There is a widespread perception that highly talented people may not work hard to get results; or even not work at all.
Is this true? Is it always true?
Now let me tell you something that, at least partially, surprised me.
In the early 1990s, psychologist K. Andeers Ericsson and two colleagues completed a research at the Berlin Academy of Music; the project aimed to clarify what role training plays in the development of a person we consider an expert in a given discipline, that is, a person who achieved results acknowledged as non-ordinary.
The research was focused on violin students, whom Ericsson and co’ divided into three groups:
- those who had a chance to become internationally renowned soloists;
- the “simply good” violinists;
- those who had little chance of playing at a competitive level and intended to teach music in public schools.

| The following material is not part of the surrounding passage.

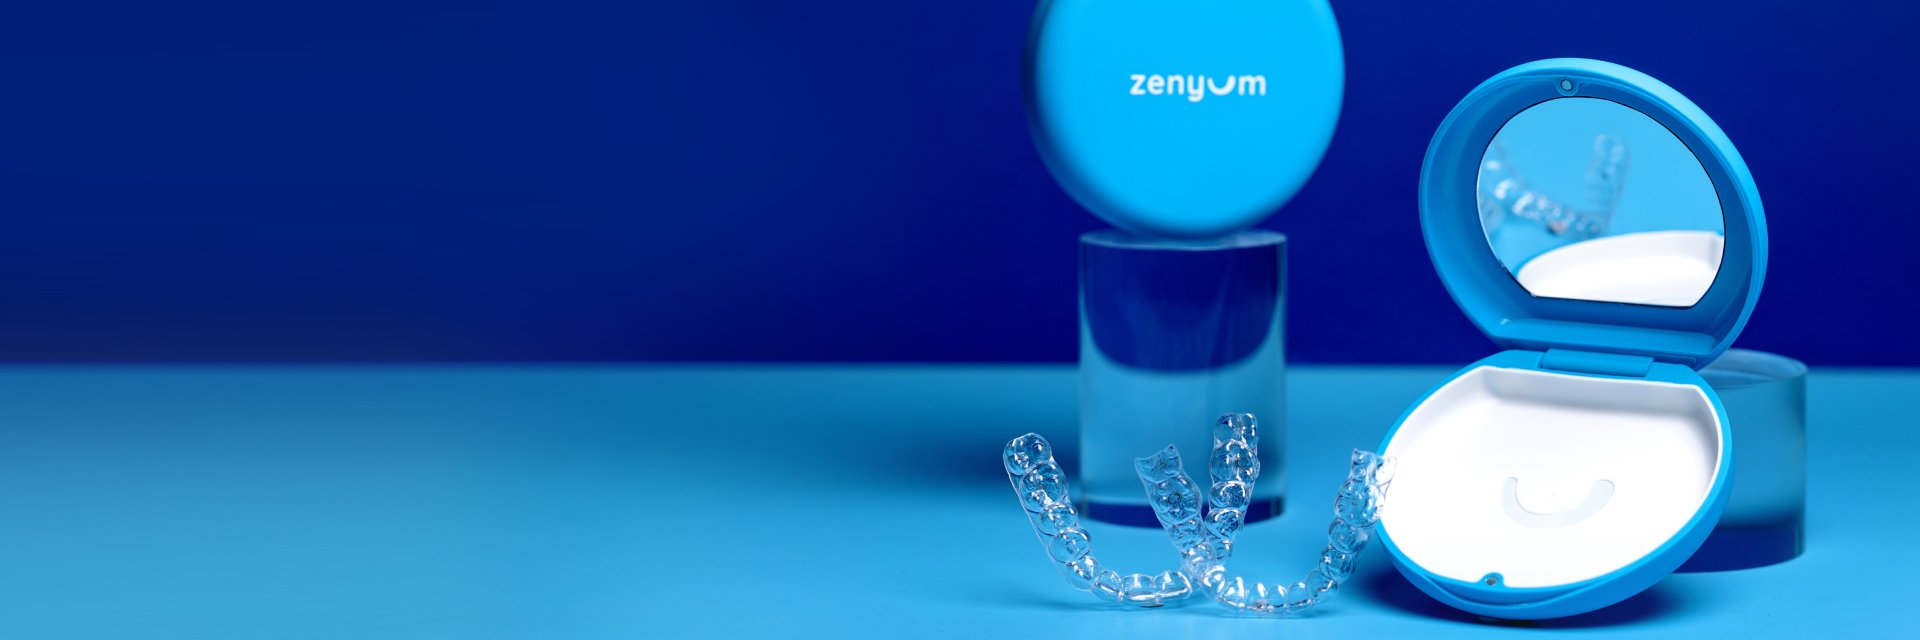 Zenyum clear aligners with blue casings

All violinists were asked the same question:
How many hours have you practised over your career, since you started playing the violin?

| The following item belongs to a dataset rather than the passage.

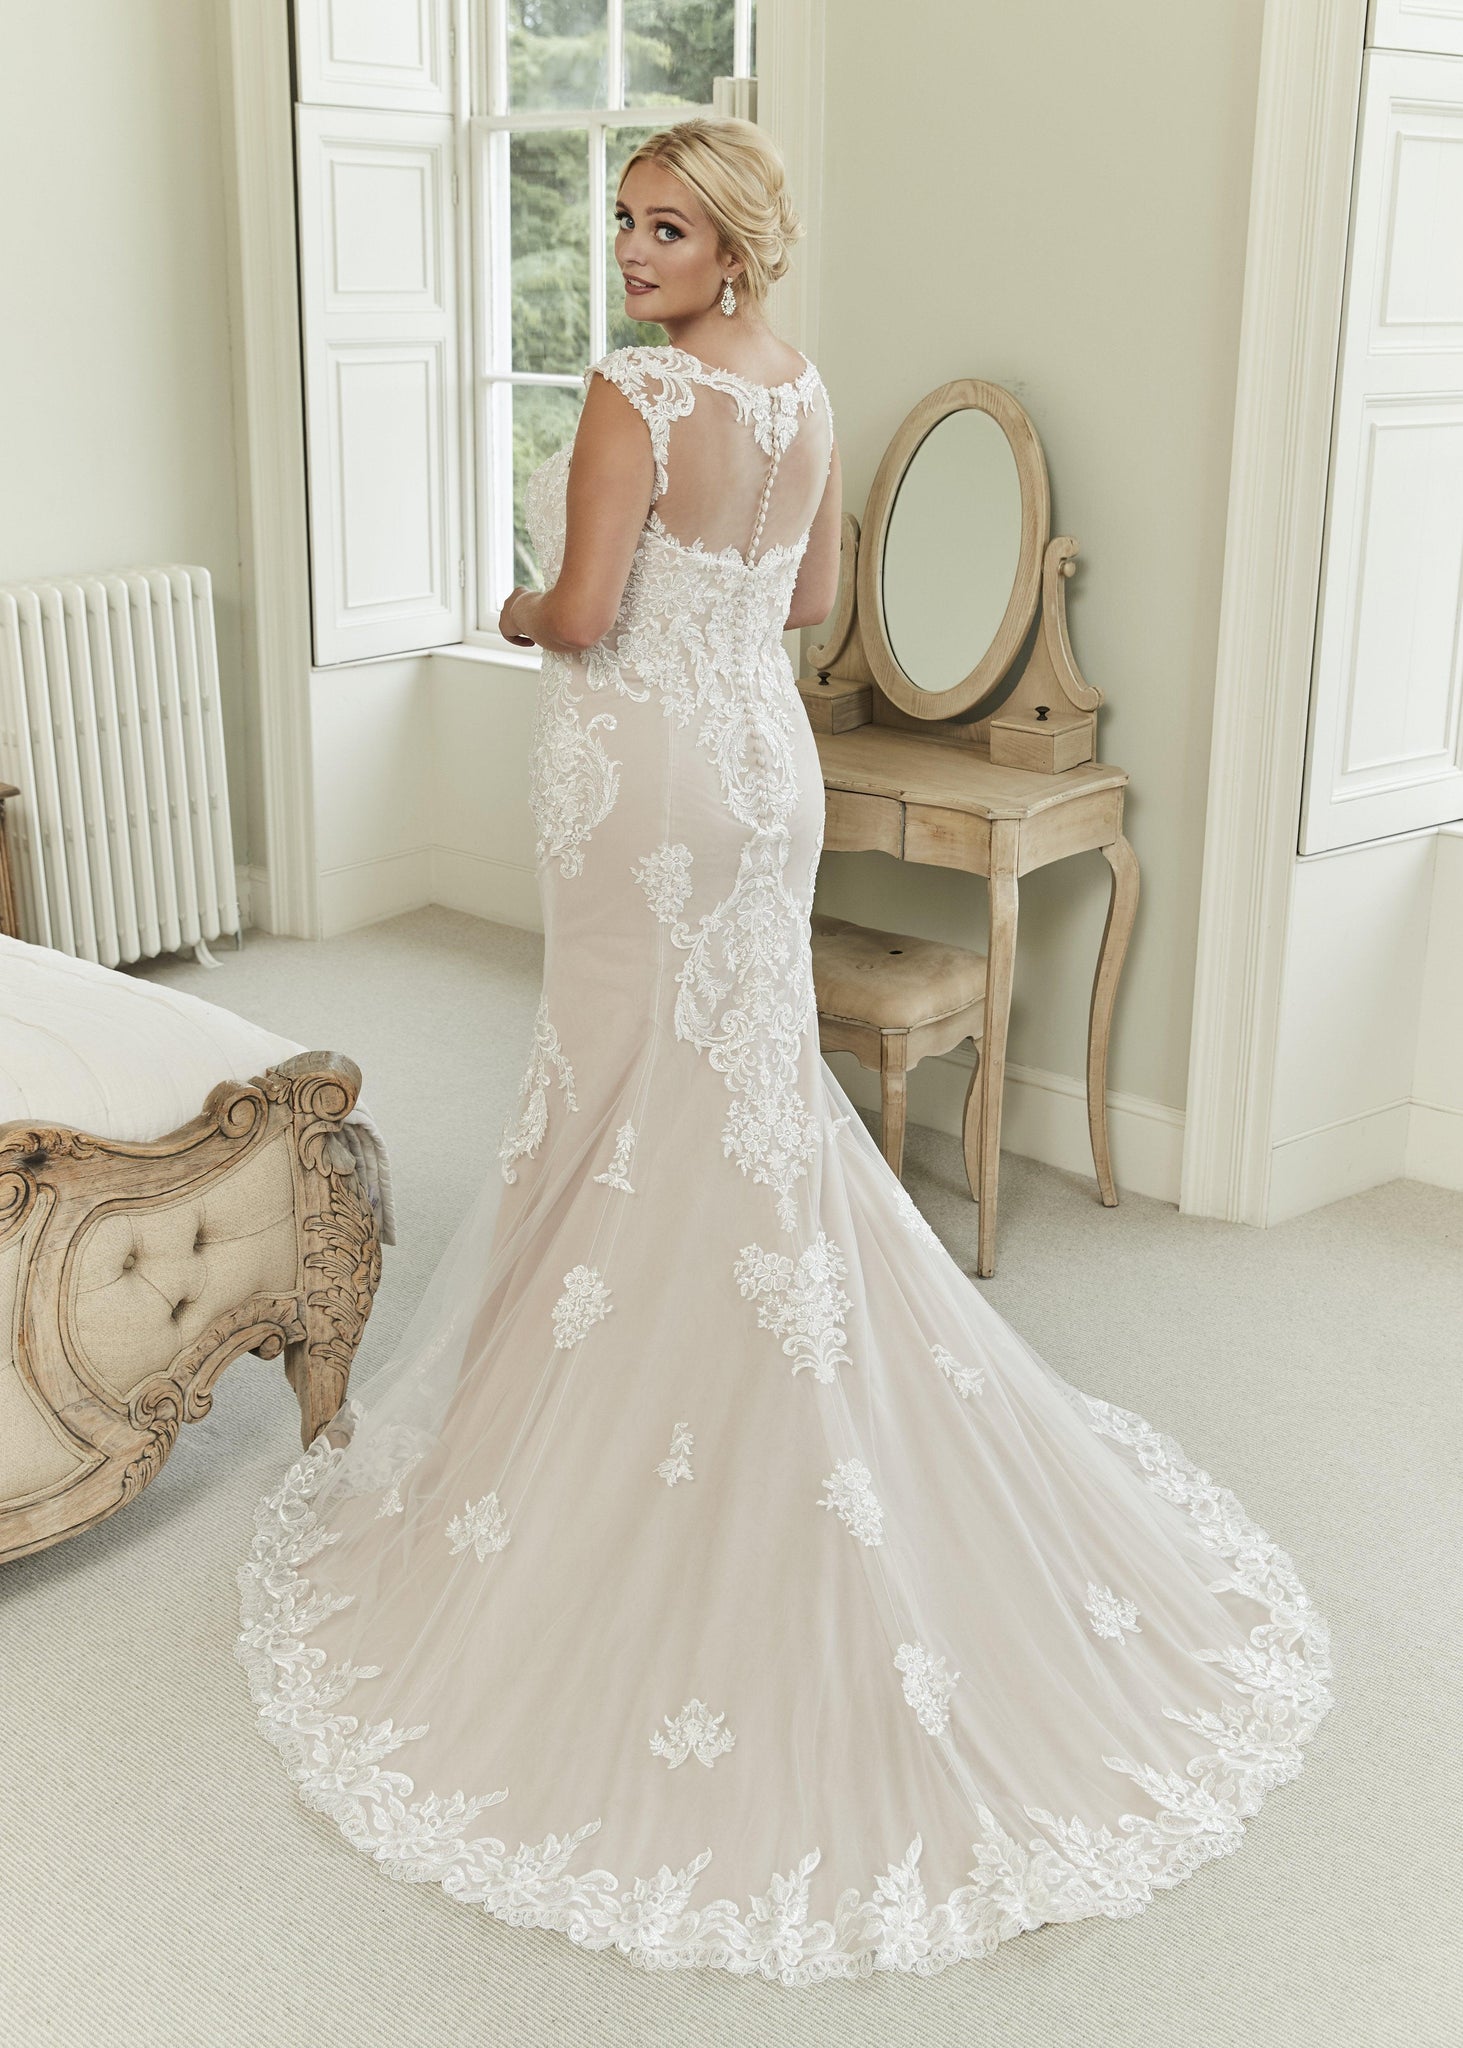 UK20 LisaMarie - Adore Bridal and Occasion Wear

Here are, in summary, the results:
- they all had started playing at age 5;
- up to the age of 8, everyone played 2-3 hours per week;
- from the age of 8, those who would end up excelling began to work harder: 6 hours a week at age 9, 8 hours at age 12, 16 hours at age 14, and then more and more, until they exceeded 30 hours a week at age 20;
- by the age of 20, the best students had reached 10,000 hours of practice, the “good” ones 8,000 and only 4,000 the future teachers.
The research revealed other interesting points:
- they did not find a single musician who had achieved excellence in less time than peers of comparable ability;
- nor did the researchers find anyone who, lacking the talent needed to excel, had worked harder than his/her peers;
- if a musician is talented enough to be admitted to one of the best schools, it is the commitment that can make him emerge;
- those who reach standards of excellence do not work harder than others but much, much harder than others.

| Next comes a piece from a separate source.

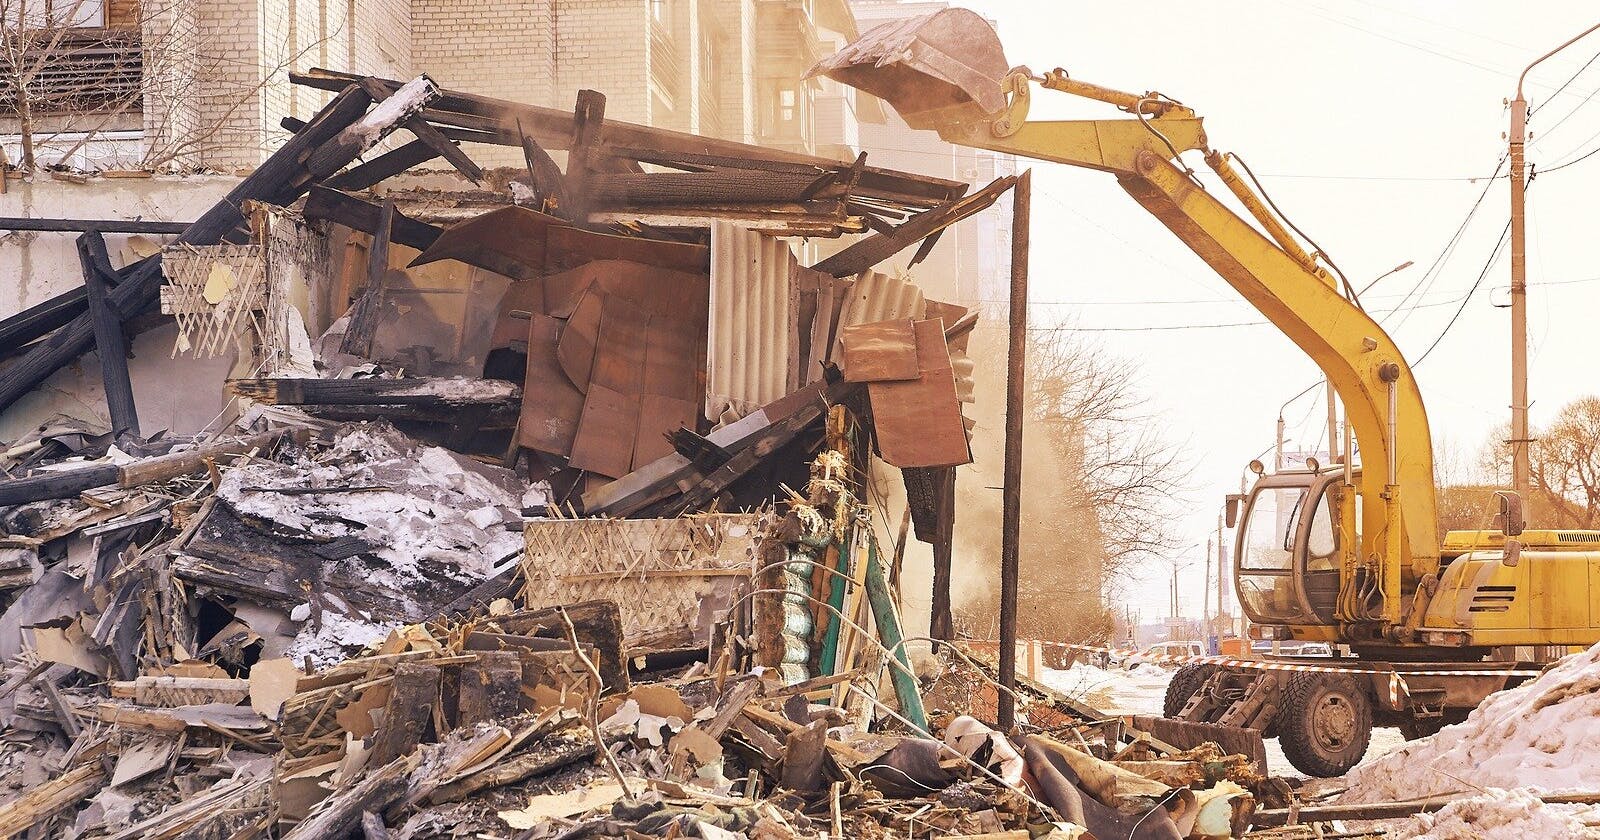 Demolition Contractors: Bringing Down the Old to Make Way for the New

talent is an essential condition
but it leads to excellence only if we are willing to work hard.
If you want to know more about the relationship between talent and training you can read the book Outliers (from which I picked up the research), which I recommend to everyone.
Particularly to parents!
Did you find the article interesting?
Do you still think that people who are rich in talent can work very little to achieve success, or not work at all?